GSA Annual Meeting, November 5-8, 2001

Paper No. 0
Presentation Time: 3:45 PM

EASTERN PACIFIC ANALOGUE FOR AVALONIA AND CORRELATIVE PERI-GONDWANAN TERRANES


KEPPIE, John Duncan, Instituto de Geologia, Universidad Nacional Autonoma de Mexico, Ciudad Universitaria, Mexico D.F, 04510, Mexico, NANCE, R. Damian, Department of Geological Sciences, Ohio Univ, Athens, OH 45701, MURPHY, J. Brendan, Geology, St. Francis Xavier Univ, P.O. Box 5000, Antigonish, NS B2G 2W5, Canada and DOSTAL, Jarda, Earth Sciences, St. Mary's Univ, Halifax, NS, Canada, duncan@servidor.unam.mx

The northeastern Pacific margin is used as an actualistic plate tectonic model for the evolution of Avalonia and correlative peri-Gondwanan terranes.
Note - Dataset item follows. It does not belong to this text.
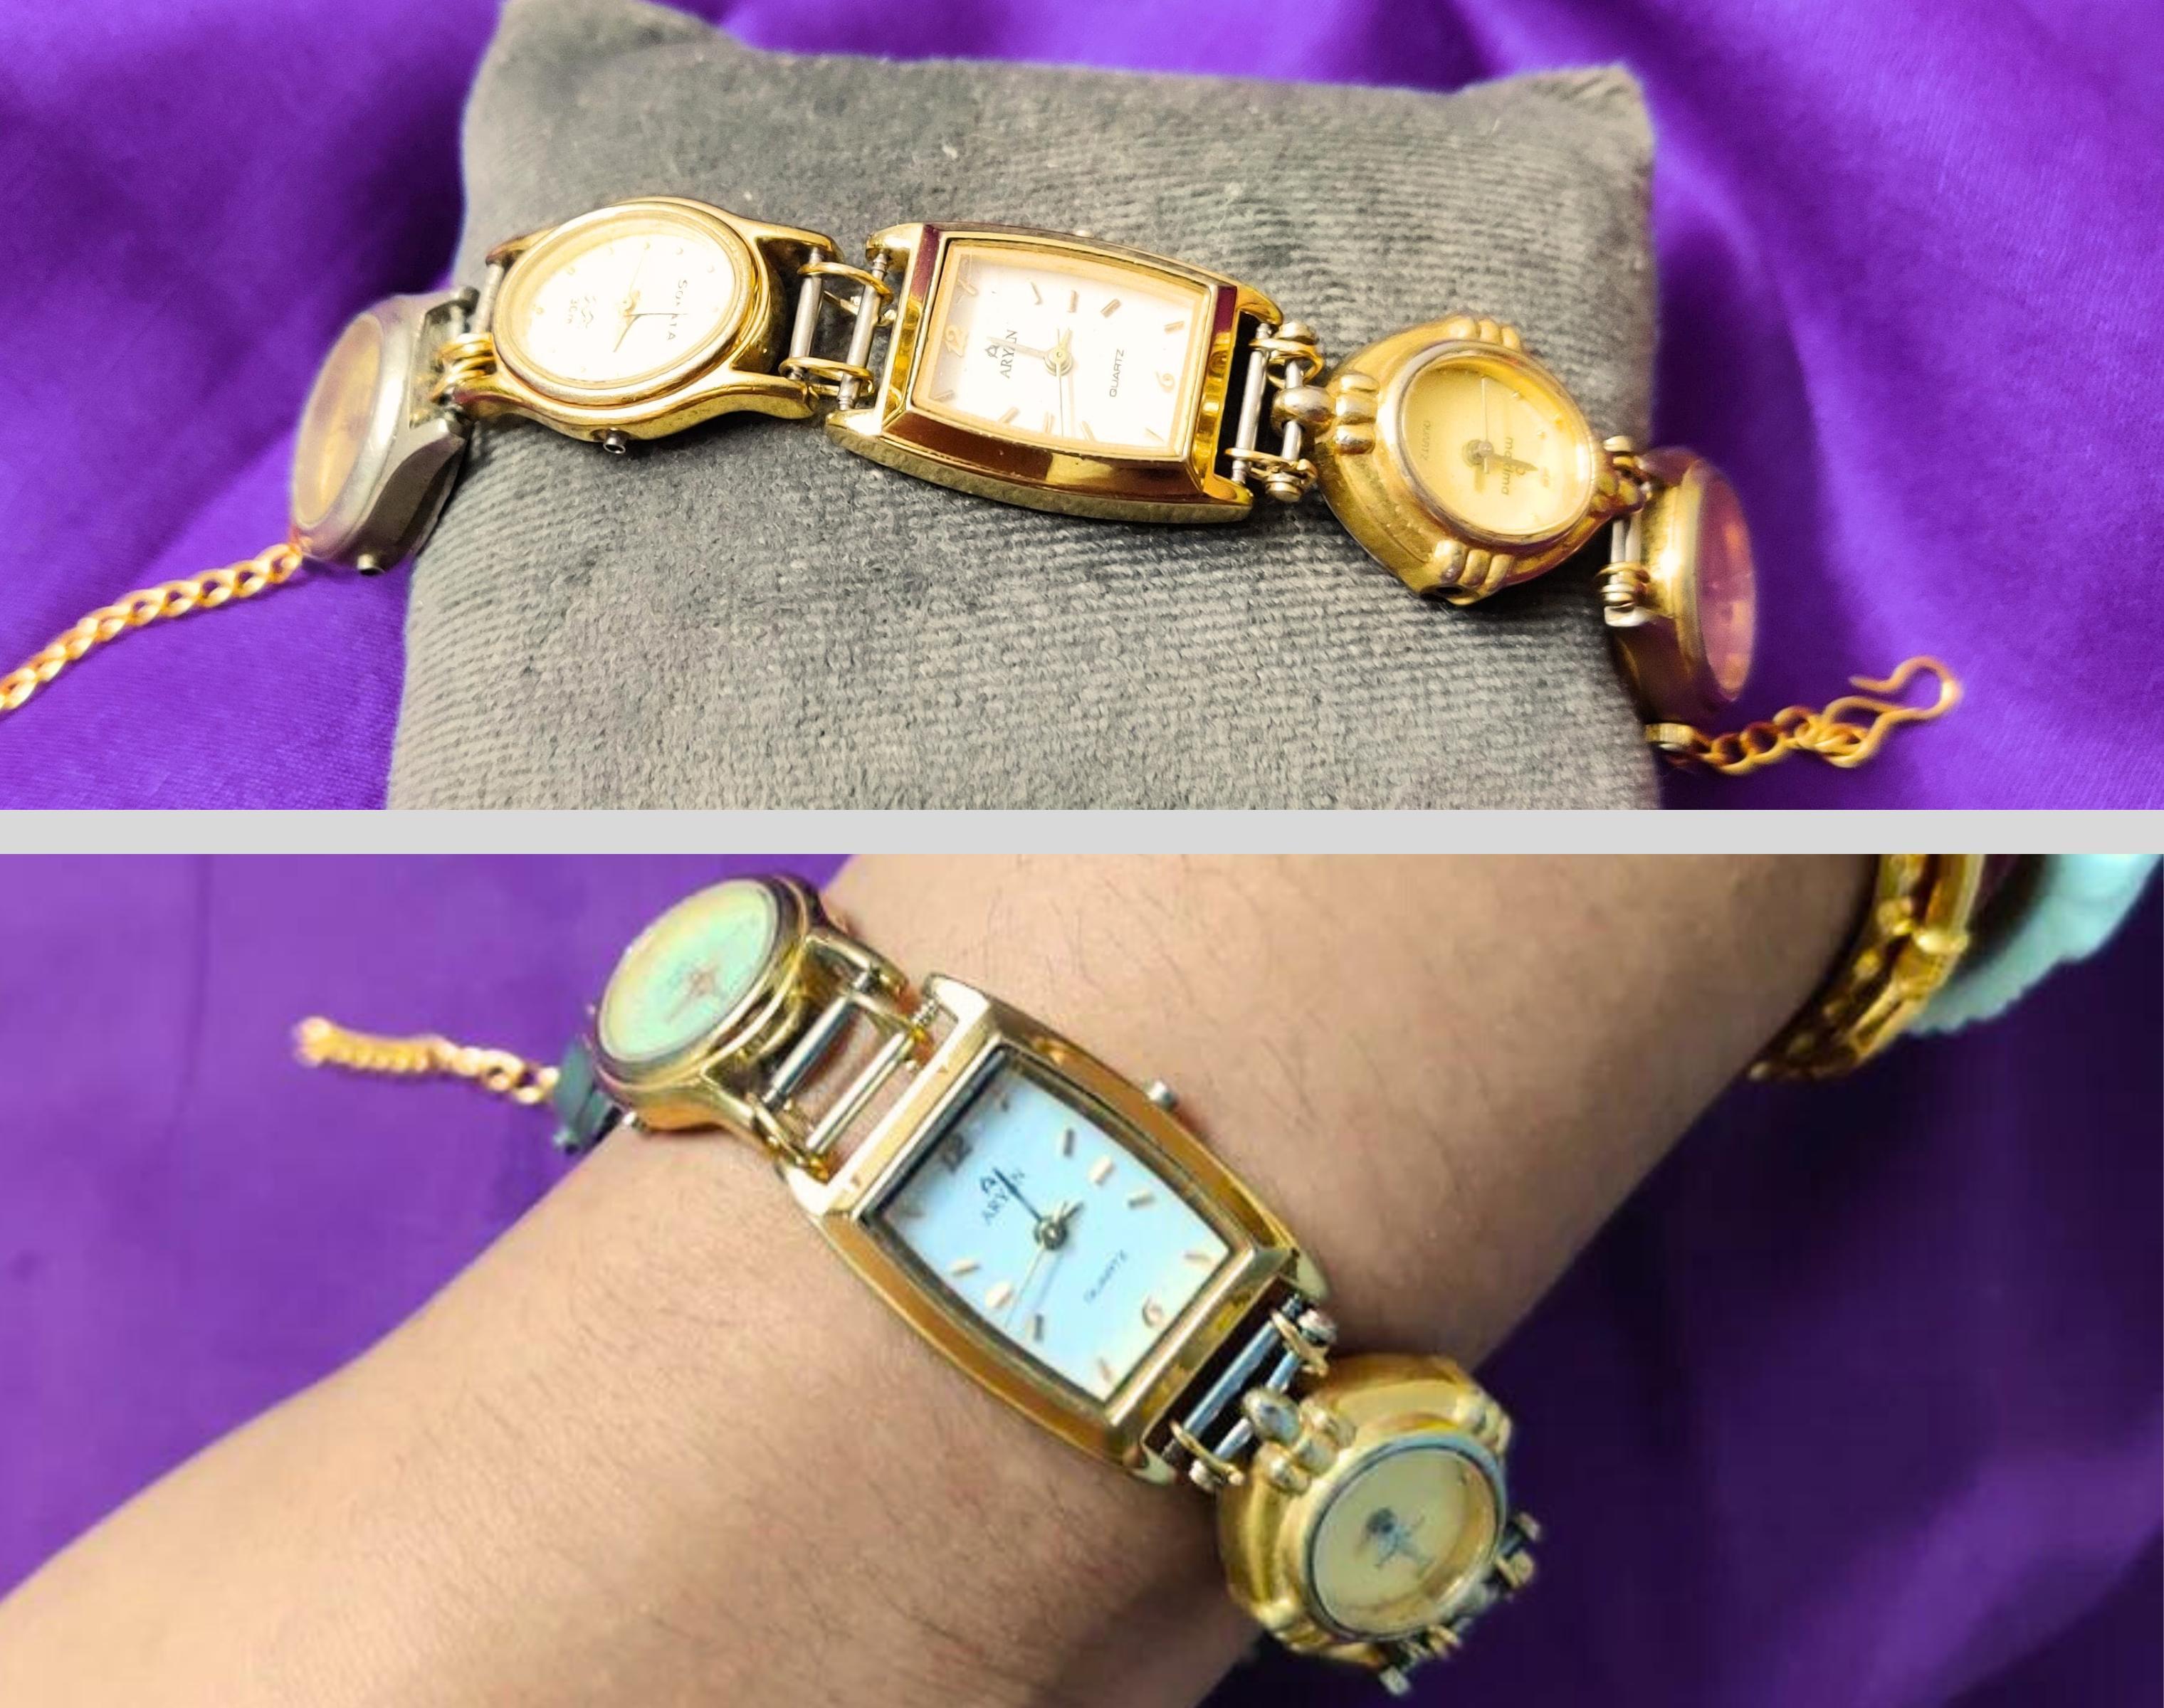 Timeless Elegance: Crafting a Unique Bracelet From Vintage Wristwatch Dials

This evolution includes: (1) development of primitive oceanic arcs in Panthalassa and circum-Rodinian oceans immediately following the amalgamation of Pangea and Rodinia, respectively; (2) accretion of these arcs to the continental margins and development of continental margin arcs following the breakup of the supercontinents: Early Mesozoic off western Laurentia, and c.755 Ma off Rodinia; (3) diachronous termination of subduction as a consequence of ridge-trench collision (Kula-Farallon ridge and East Pacific Rise in the eastern Pacific: Merlin-Morgana and Morgana-Mordred ridges in the ocean bordering northern Gondwana), and transition to an intracontinental wrench system in the Late Mesozoic-Tertiary in the eastern Pacific region, and Neoproterozoic off Gondwana, (4) separation of borderland terranes: Late Mesozoic in Baja BC and Oligocene in Baja California in wesern Laurentia, and Cambro-Ordovician in peri-Gondwanan terranes in the Appalachian-Caledonian orogen; (5) dispersal of these exotic terranes by transporting them on oceanic plates: during the Late Mesozoic and Tertiary on the Kula and Pacific plates in the eastern Pacific, and during the Ordovician on the Mordred and Morgana plates in the Iapetus Ocean; (6) accretion of these exotic terranes to the Laurentian continental margin: Baja BC in the Early Tertiary (Baja California will accrete at some time in the future), and peri-Gondwanan terranes in the Late Ordovician-Early Silurian. Western Avalonia appears to have been rotated through c.90° between separation from Gondwana and its accretion to eastern Laurentia. This may have occurred either during separation by analogy with the Transverse Ranges in California; during oceanic transport; or during sinistral accretion to eastern Laurentia.